Пустые мысли, новый хан скорее всего никогда не доверит ему командовать хотя бы сотней. Илуге вздыхал и возвращался к работе.
Он старательно чистил упряжь, когда его нашел Бозой – немолодой воин из личной свиты хана.
– Эй, Илуге. Тебя опять зовут. – За равнодушным тоном проскальзывало неудовольствие – мол, много чести безродному сопляку. Илуге уже и отвык в последнее время от такого отношения – многие в племени, особенно молодые, смотрели на него с восхищением. Илуге с опозданием вспомнил, что Бозой был среди тех, кто тогда – целую вечность назад – нашел их у реки.
– Как здоровье хана? – коротко спросил он, подавив рвущийся с языка резкий ответ.

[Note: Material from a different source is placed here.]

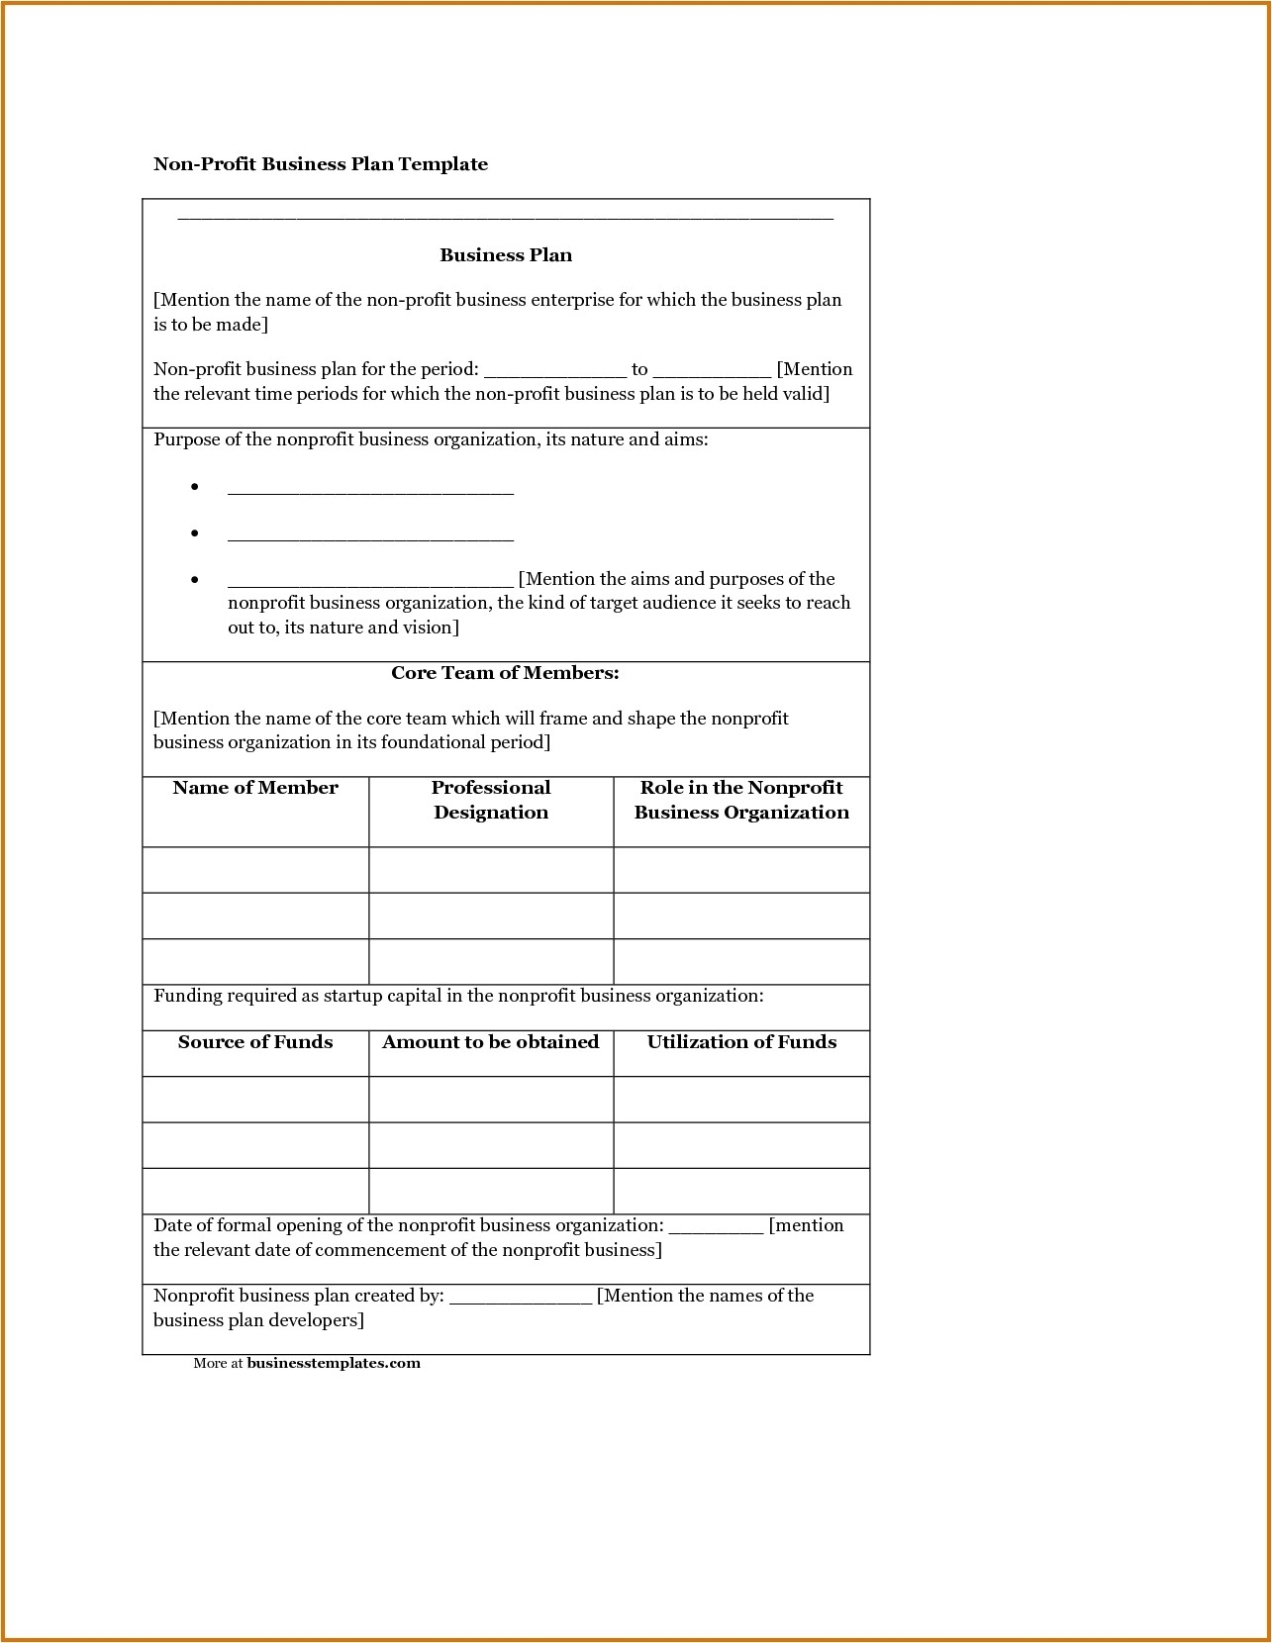 Not For Profit Business Plan Template | Williamson-Ga inside Non Profit Business Plan Template Free Download

– Умирает, – неохотно процедил Бозой. – Ему бы отдыхать сейчас, так нет – вызывает всех одного за другим…
– Он пока еще хан, и его воля – закон, – пожал плечами Илуге. – Вызывает – значит, так надо.

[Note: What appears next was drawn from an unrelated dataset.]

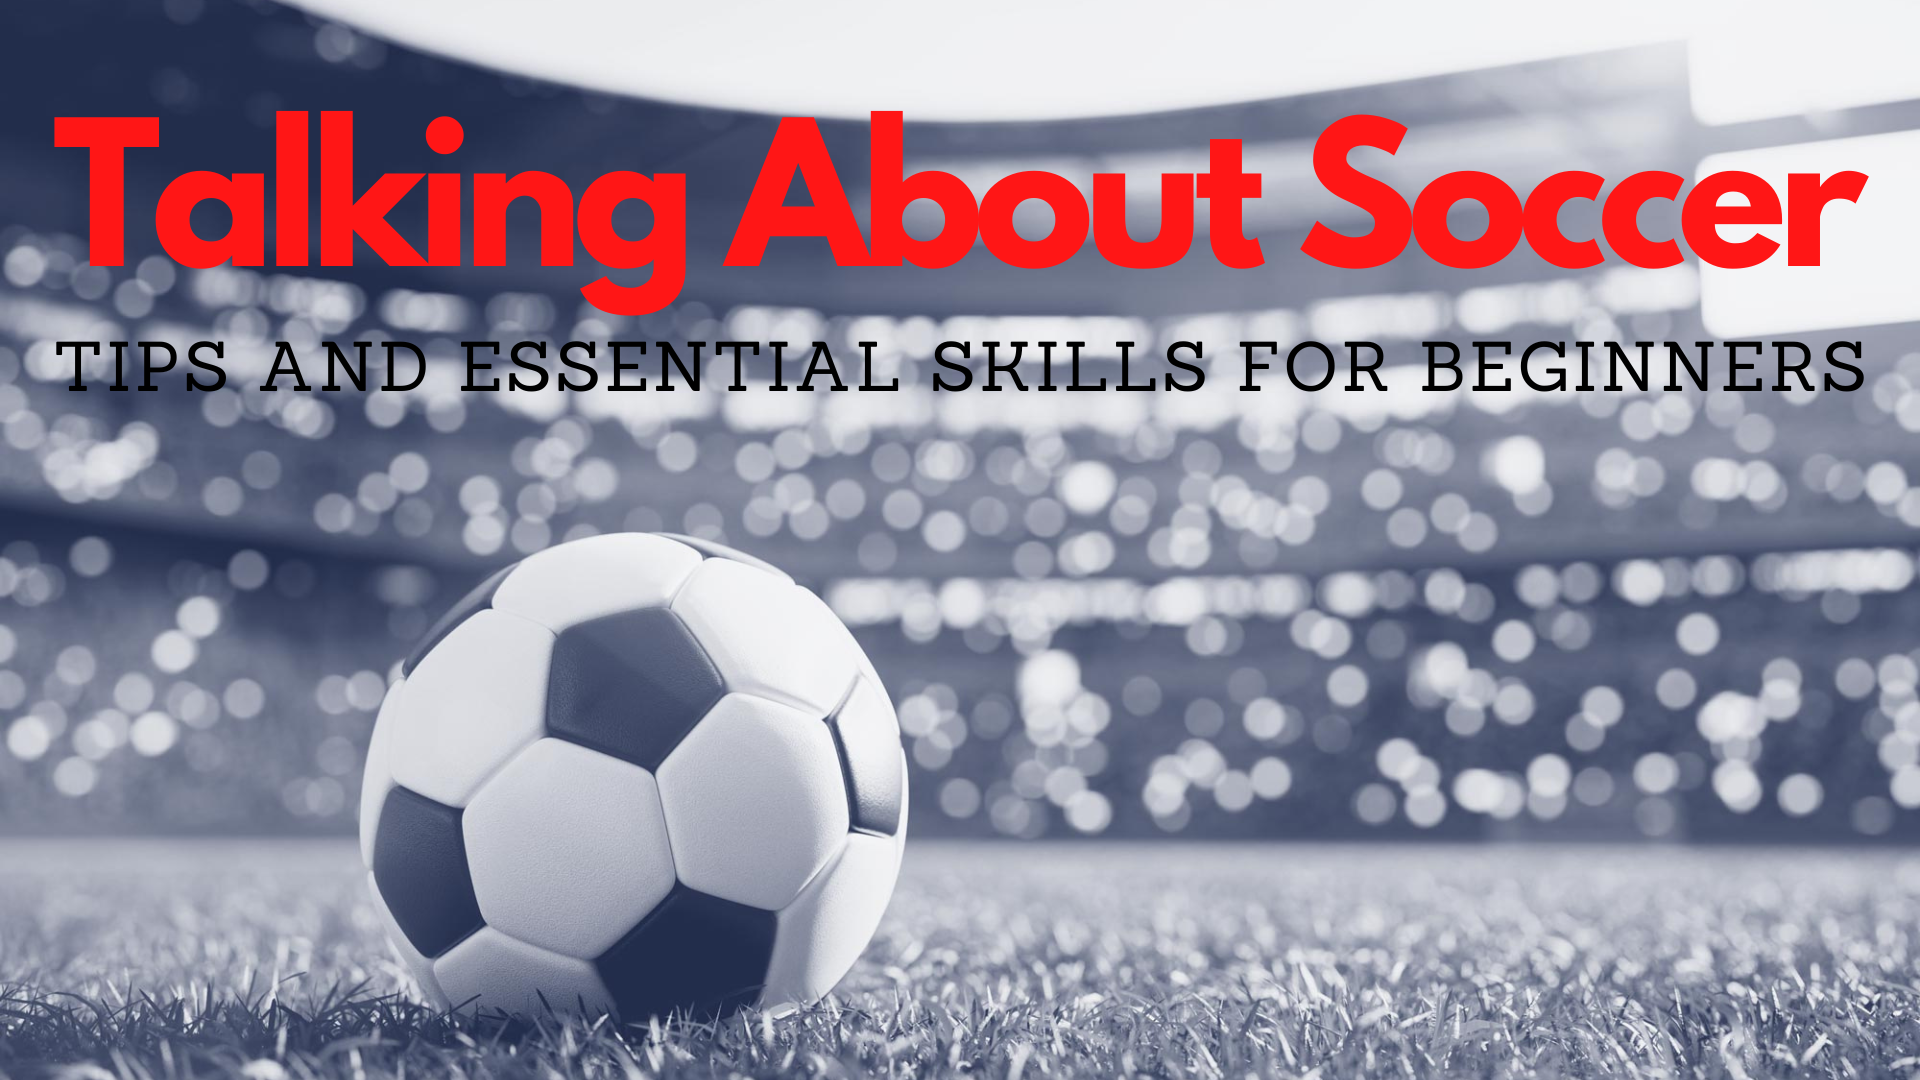 Talking About Soccer - Tips And Essential Skills For Beginners

На это Бозою сказать было нечего, однако он не преминул фыркнуть и услать коня вперед, предоставив Илуге добираться самостоятельно. На душе у Илуге было скверно. Он смутно чувствовал, что то благоволение, которое выказывал ему Темрик, вызывает зависть и раздражение. И очень скоро ему припомнят многое из того, о чем сейчас помалкивают.
Казалось, Темрик задался целью навредить ему максимально: юрта опять была полна влиятельных людей, встретивших его появление с недоумением, к которому на этот раз явственно примешивалось неудовольствие. Хан, тяжело дыша, полулежал на груде подушек. Его дочь и жена поддерживали его с обеих сторон, рядом же сидел Онхотой с лицом столь бесстрастным, что это пугало. Справа и слева толпились многочисленные родственники хана, вожди и прочие главы родов.

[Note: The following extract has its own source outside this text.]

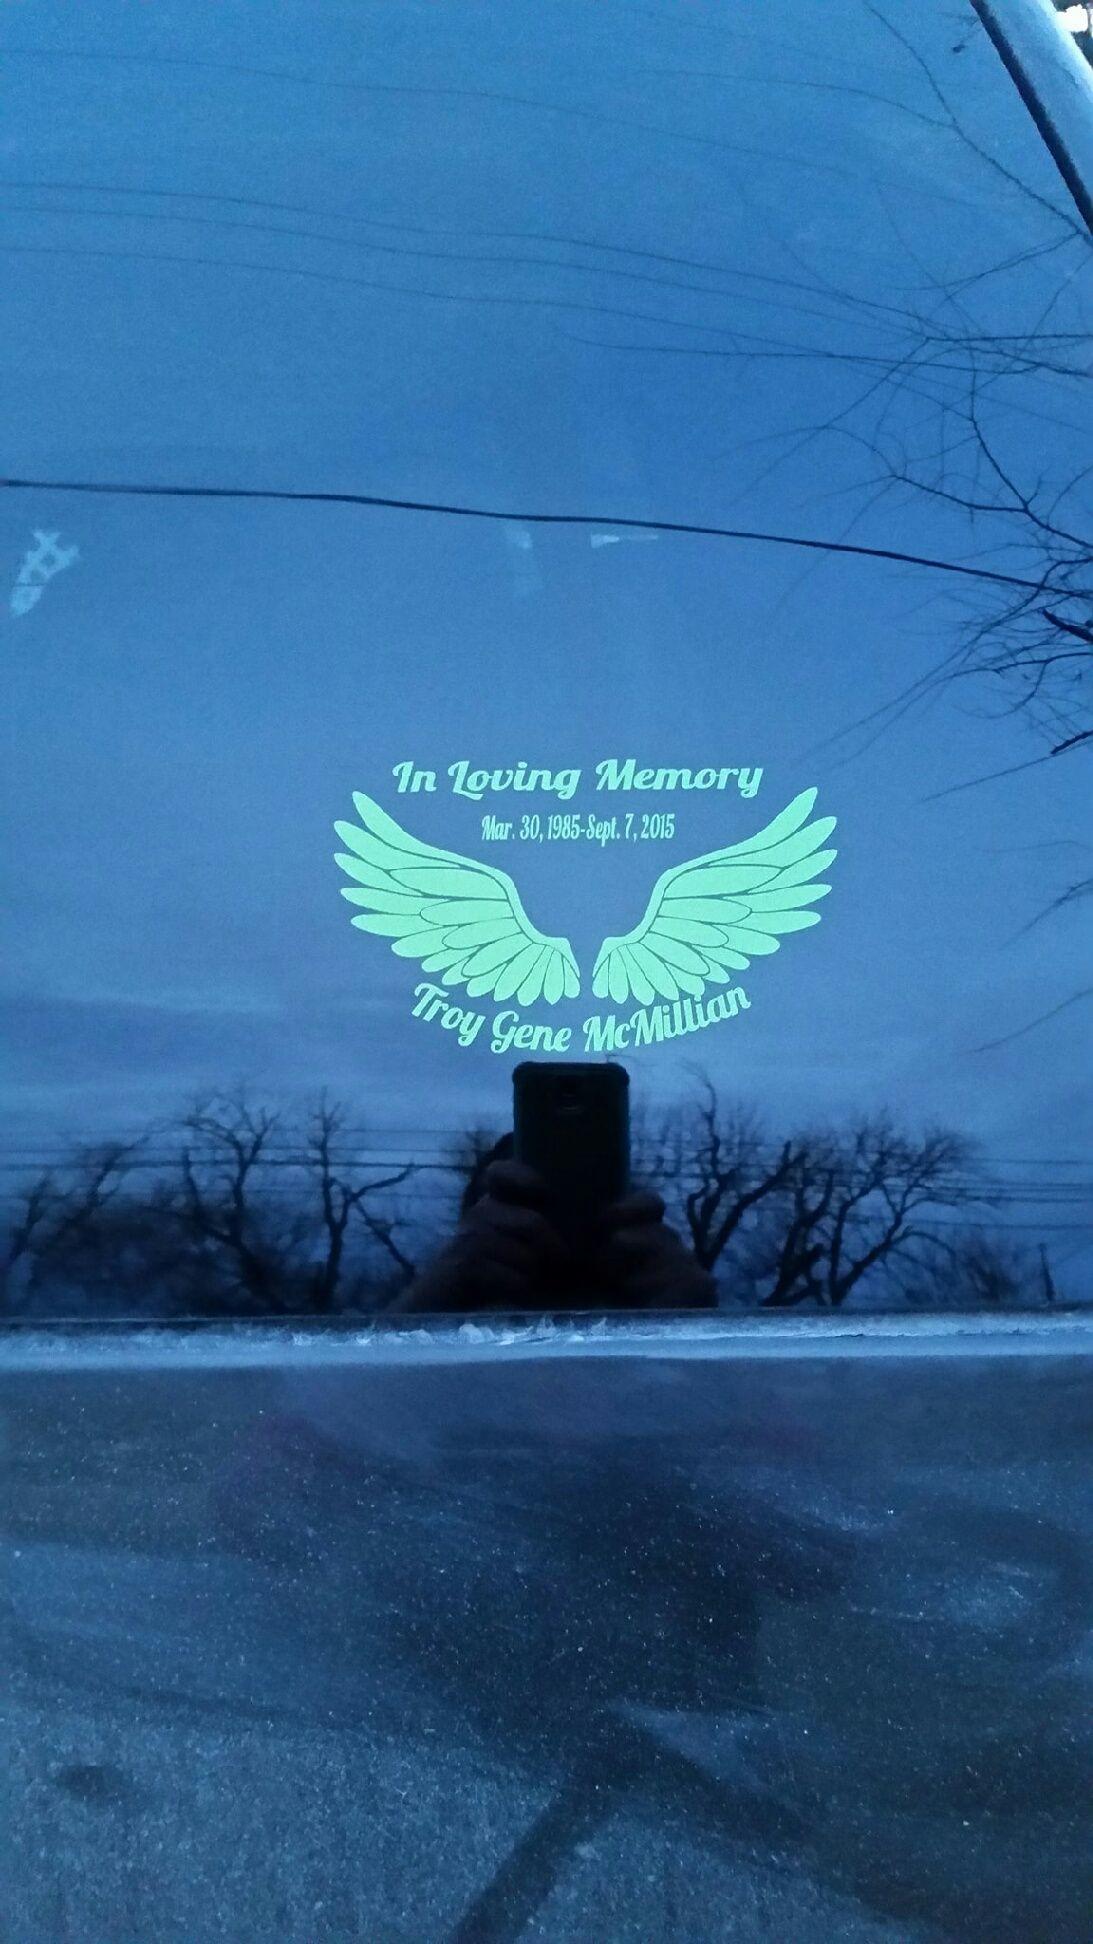 Customizable “In Loving Memory” Car Decals & Stickers

– Хорошо. – Хан слабо пошевелил пальцами, завидев Илуге. – Подойди-ка, парень.
Каждое слово давалось ему с трудом. Илуге хотел было поприветствовать хана обычным пожеланием здоровья и удачи, но вовремя прикусил язык: еще истолкуют как насмешку. Он кивнул и молча протиснулся вперед.
– Вот моя воля, – прохрипел Темрик, однако так, что его услышали все, до последнего человека. – Я пока не увидел своего внука мертвым, и до тех пор – он жив. Если он ушел к косхам, я желаю, чтобы мой внук Чиркен вернулся в племя. Я выношу решение: внук мой Чиркен имел право увезти обещанную ему невесту, а Галбан не имел права обещать просватанную девушку другому. Потому тех из твоих нукеров, Джэгэ, что стреляли, я приказываю казнить у моей юрты немедленно.
Джэгэ дернулся, закусил губу, но промолчал. Хан с трудом перевел дыхание и продолжал:
– Я назначаю внука моего Чиркена военным вождем и призываю всех вас в свидетели моей воли, а также того, что Джэгэ как новый хан в день своего избрания обязан поклясться духами предков, что не отменит моего решения. Если… если Чиркен все же погиб, ты, Джэгэ, волен назначить военного вождя по своему усмотрению. За безопасностью обоих моих внуков я поручаю следить моим ближайшим родственникам Белгудэю и Бухе. Сейчас же, когда из-за случившегося недоразумения мой внук… покинул нас, кто-то должен отправиться за ним… Нет, Буха, ты останешься здесь…
Во время наступившей за этим долгой паузы на лицах присутствующих медленно проступало понимание мудрой тактики хана: опекун Чиркена нужен здесь в момент смерти хана как тот, кто не позволит ущемить его интересы, кто будет свидетелем произносимой клятвы. Хан отдышался и поднял руку:
– За моим внуком, вашим военным вождем, поедешь ты, Бозой… и ты, Илуге. Много воинов брать… не следует, так как большой отряд напугает… косхов. Возьмите… пятьдесят воинов.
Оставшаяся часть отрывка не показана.